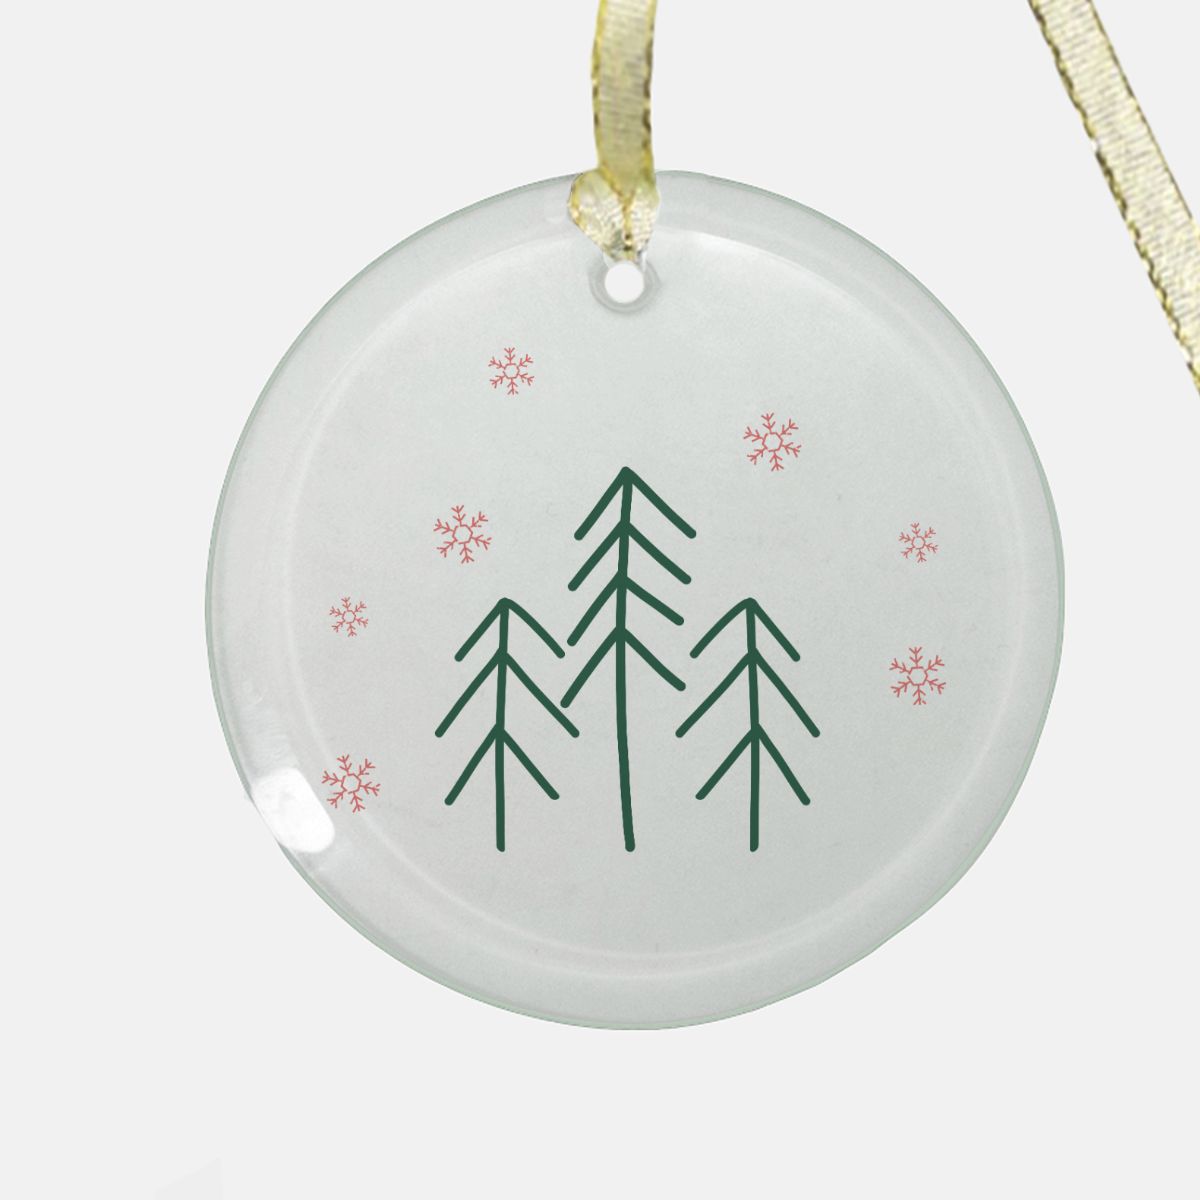 Round Clear Glass Holiday Ornament - Evergreen Trees & Red Snowflakes
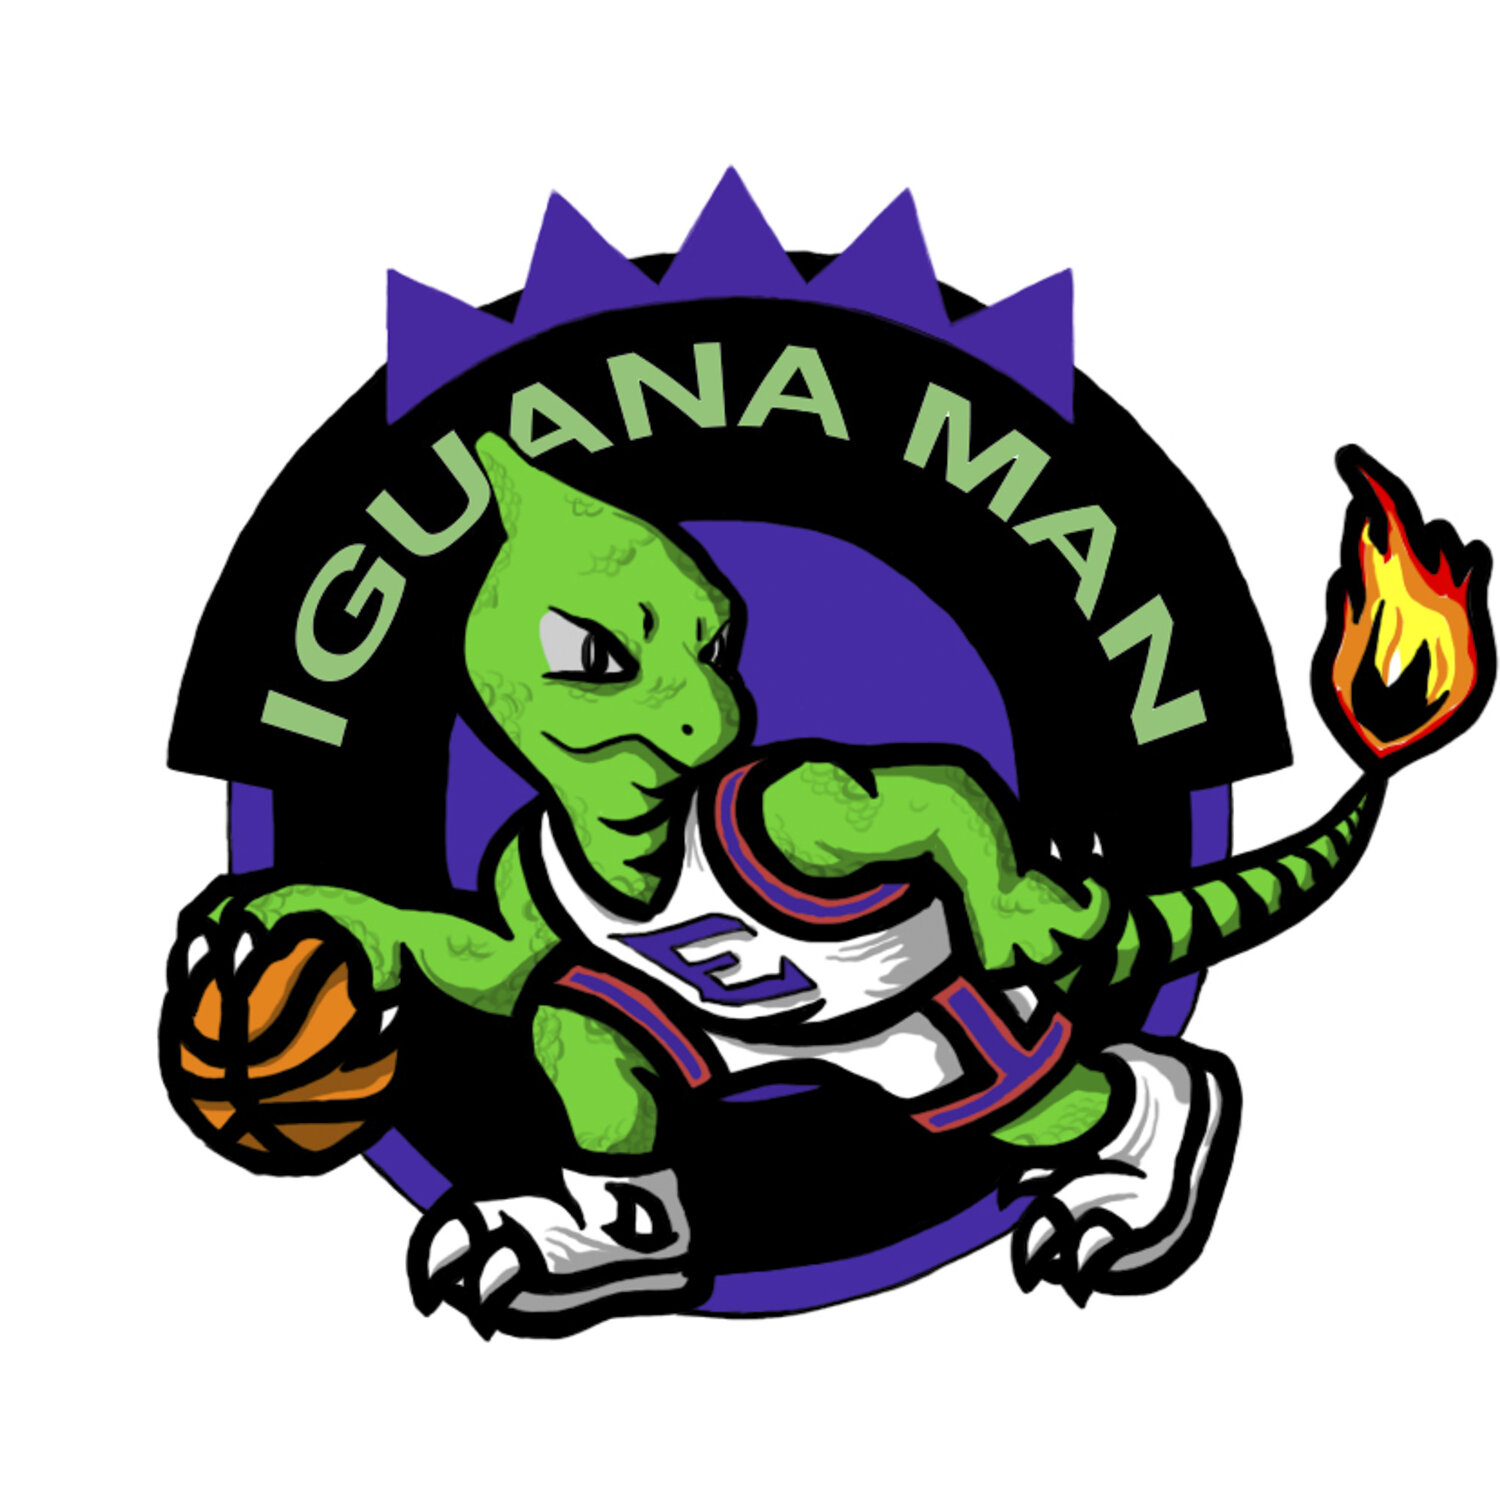 Connect with Iguana Man
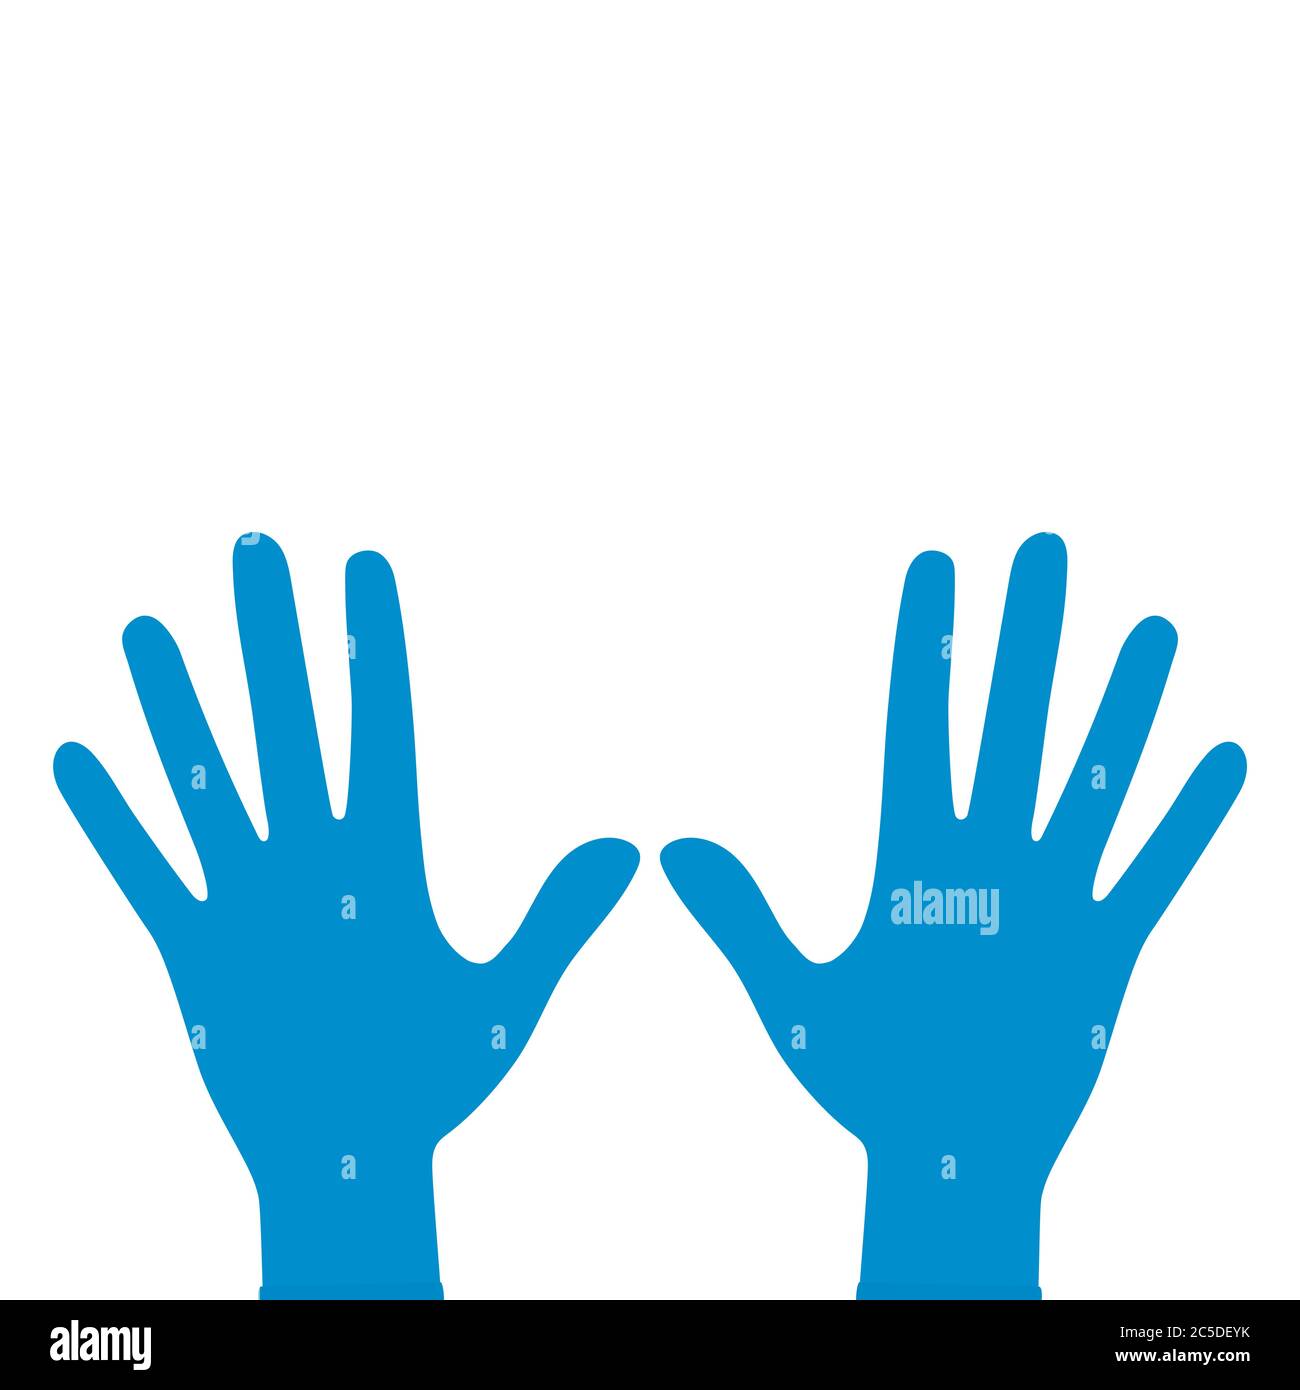 Hands in rubber medical gloves, protection against viruses and bacteria. Flat illustration, vector Stock Vector
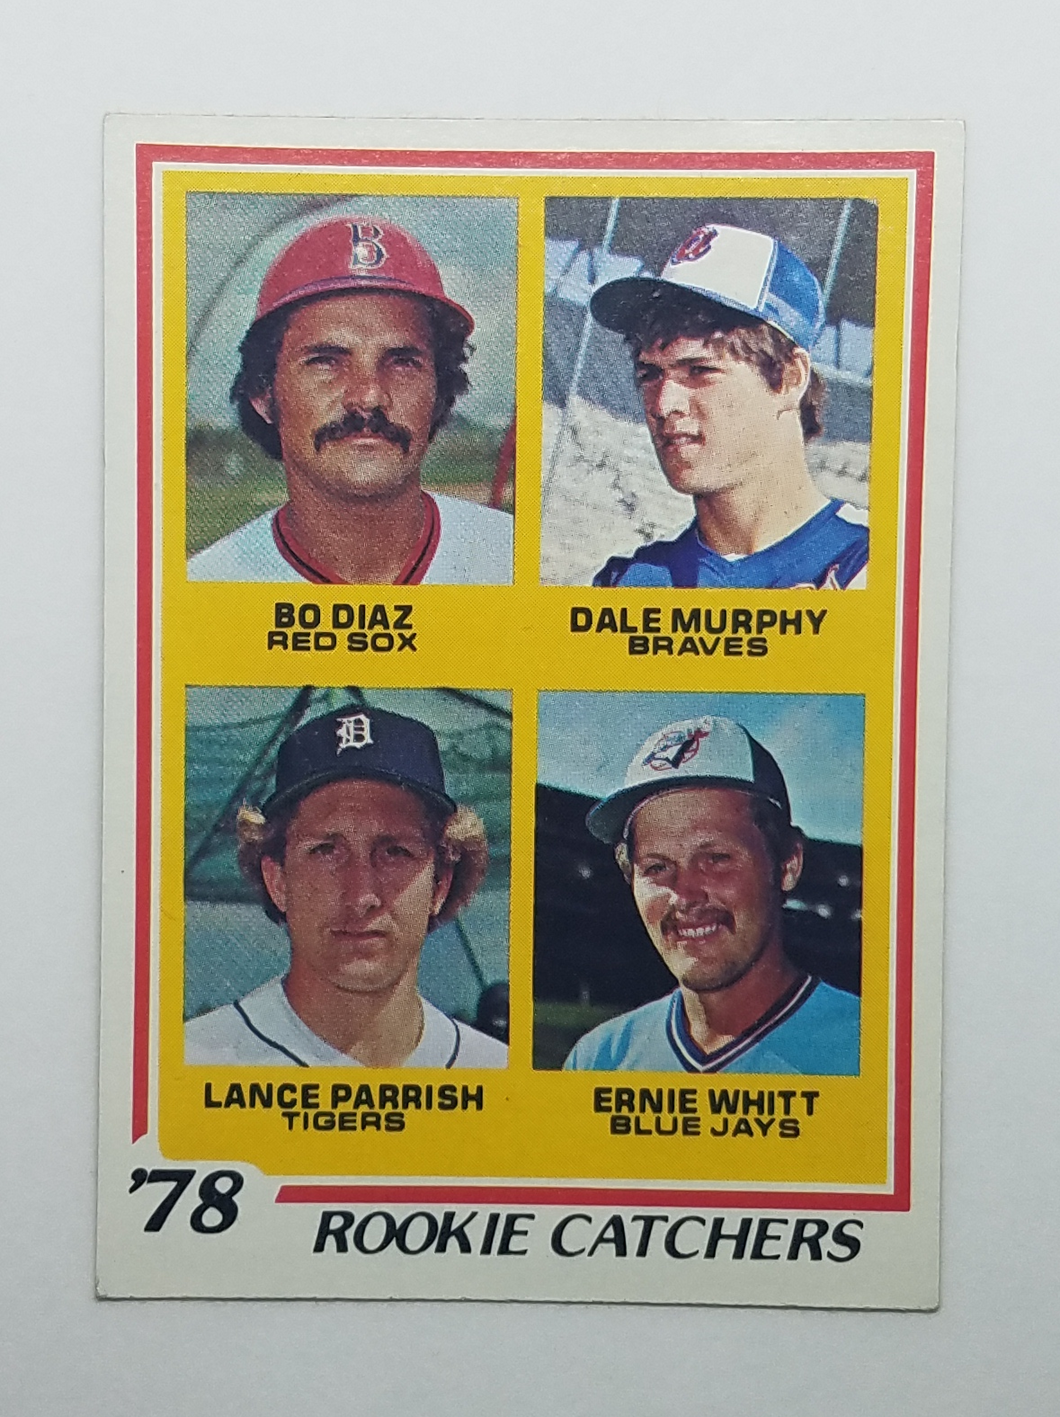 1978 Topps Rookie Catchers Baseball Rookie Card

--- --- ---

**About this task:**
Each line of the material goes into your copy unchanged, but no picture does.

**Answer to this exercise:**
 Round Clear Glass Holiday Ornament - Evergreen Trees & Red Snowflakes
 Connect with Iguana Man
 Hands in rubber medical gloves, protection against viruses and bacteria. Flat illustration, vector Stock Vector
 1978 Topps Rookie Catchers Baseball Rookie Card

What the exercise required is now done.